In [7]:
import cv2

# 기본 카메라를 연다 (0번 카메라).
# 다른 카메라를 사용하려면 적절한 인덱스를 사용하세요.
cap = cv2.VideoCapture(0)

# 카메라가 정상적으로 열렸는지 확인한다.
if not cap.isOpened():
    print("Cannot open camera")
    exit()

# 카메라에서 영상을 계속해서 받아온다.
while True:
    # 카메라에서 한 프레임을 읽는다.
    ret, frame = cap.read()
    # 만약 프레임이 제대로 읽히지 않았다면 'ret'가 False가 된다.
    if not ret:
        print("Can't receive frame (stream end?). Exiting ...")
        break

    # 결과 프레임을 보여준다.
    cv2.imshow('frame', frame)
    if cv2.waitKey(1) == ord('q'):
        break

# 작업이 끝났다면 후처리를 한다.
cap.release()
cv2.destroyAllWindows()

Can't receive frame (stream end?).
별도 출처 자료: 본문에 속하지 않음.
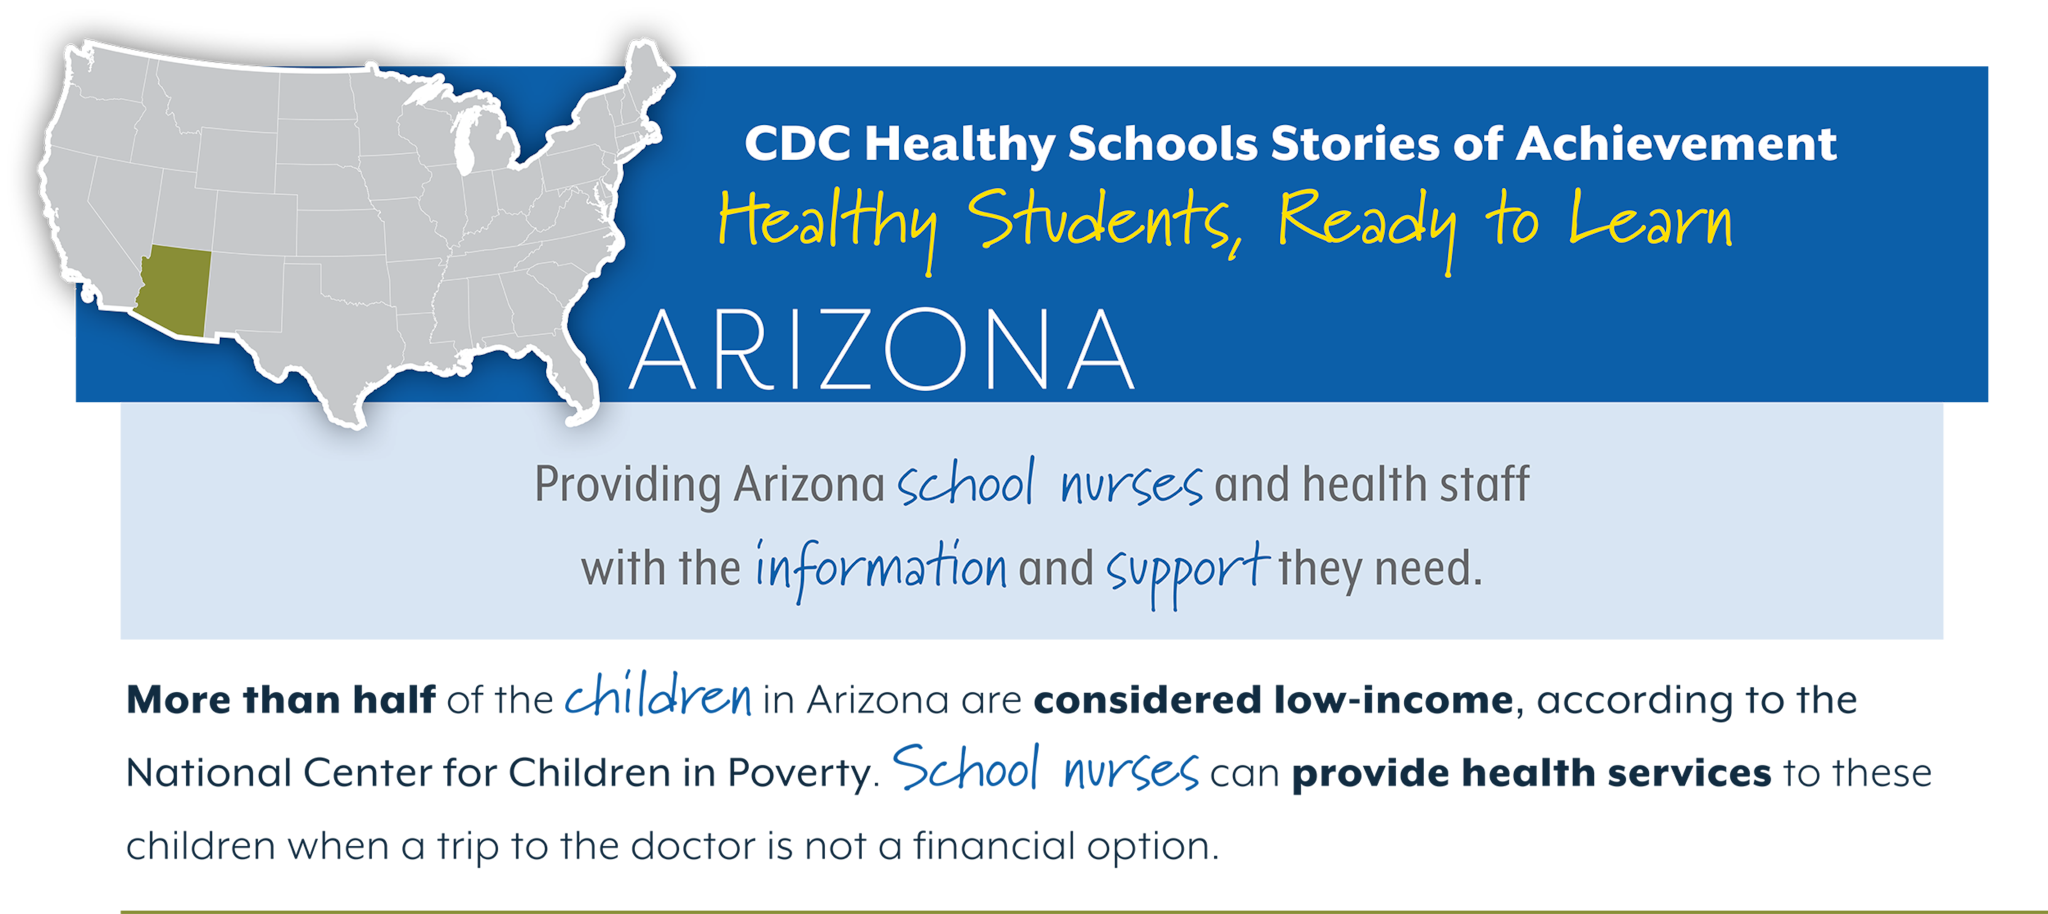 CDC Healthy Schools Stories of Achievement Healthy Students, Ready to Learn ARIZONA Providing Arizona school nurses and health staff  with the information and support they need. More than half of the children in Arizona are considered low-income, according to the  National Center for Children in Poverty. School nurses can provide health services to these  children when a trip to the doctor is not a financial option.

Exiting ...


In [1]:
import cv2
import torch
from torchvision.models.detection import fasterrcnn_resnet50_fpn
from torchvision.transforms import functional as F

In [2]:
# Load a model pre-trained on COCO
model = fasterrcnn_resnet50_fpn(pretrained=True)
model = model.eval()



In [3]:
# COCO category names
COCO_INSTANCE_CATEGORY_NAMES = [
    '__background__', 'person', 'bicycle', 'car', 'motorcycle', 'airplane', 'bus',
    'train', 'truck', 'boat', 'traffic light', 'fire hydrant', 'N/A', 'stop sign',
    'parking meter', 'bench', 'bird', 'cat', 'dog', 'horse', 'sheep', 'cow',
    'elephant', 'bear', 'zebra', 'giraffe', 'N/A', 'backpack', 'umbrella', 'N/A', 'N/A',
    'handbag', 'tie', 'suitcase', 'frisbee', 'skis', 'snowboard', 'sports ball',
    'kite', 'baseball bat', 'baseball glove', 'skateboard', 'surfboard', 'tennis racket',
    'bottle', 'N/A', 'wine glass', 'cup', 'fork', 'knife', 'spoon', 'bowl',
    'banana', 'apple', 'sandwich', 'orange', 'broccoli', 'carrot', 'hot dog', 'pizza',
    'donut', 'cake', 'chair', 'couch', 'potted plant', 'bed', 'N/A', 'dining table',
    'N/A', 'N/A', 'toilet', 'N/A', 'tv', 'laptop', 'mouse', 'remote', 'keyboard', 'cell phone',
    'microwave', 'oven', 'toaster', 'sink', 'refrigerator', 'N/A', 'book',
    'clock', 'vase', 'scissors', 'teddy bear', 'hair drier', 'toothbrush'
]

cap = cv2.VideoCapture(0)
while True:
    ret, frame = cap.read()
    if not ret:
        break

    # Convert to tensor
    frame = cv2.cvtColor(frame, cv2.COLOR_BGR2RGB)
    tensor = F.to_tensor(frame).unsqueeze(0)

    # Perform inference
    with torch.no_grad():
        predictions = model(tensor)[0]

    # Draw bounding boxes
    for box, score, label in zip(predictions['boxes'], predictions['scores'], predictions['labels']):
        if score > 0.5:  # only consider confident predictions
            x1, y1, x2, y2 = box.numpy().astype(int)
            cv2.rectangle(frame, (x1, y1), (x2, y2), (0, 255, 0), 2)
            cv2.putText(frame, COCO_INSTANCE_CATEGORY_NAMES[label.item()], (x1, y1), cv2.FONT_HERSHEY_SIMPLEX, 0.5, (255, 255, 255), 2)

    cv2.imshow('frame', frame)
    if cv2.waitKey(1) == ord('q'):
        break

cap.release()
cv2.destroyAllWindows()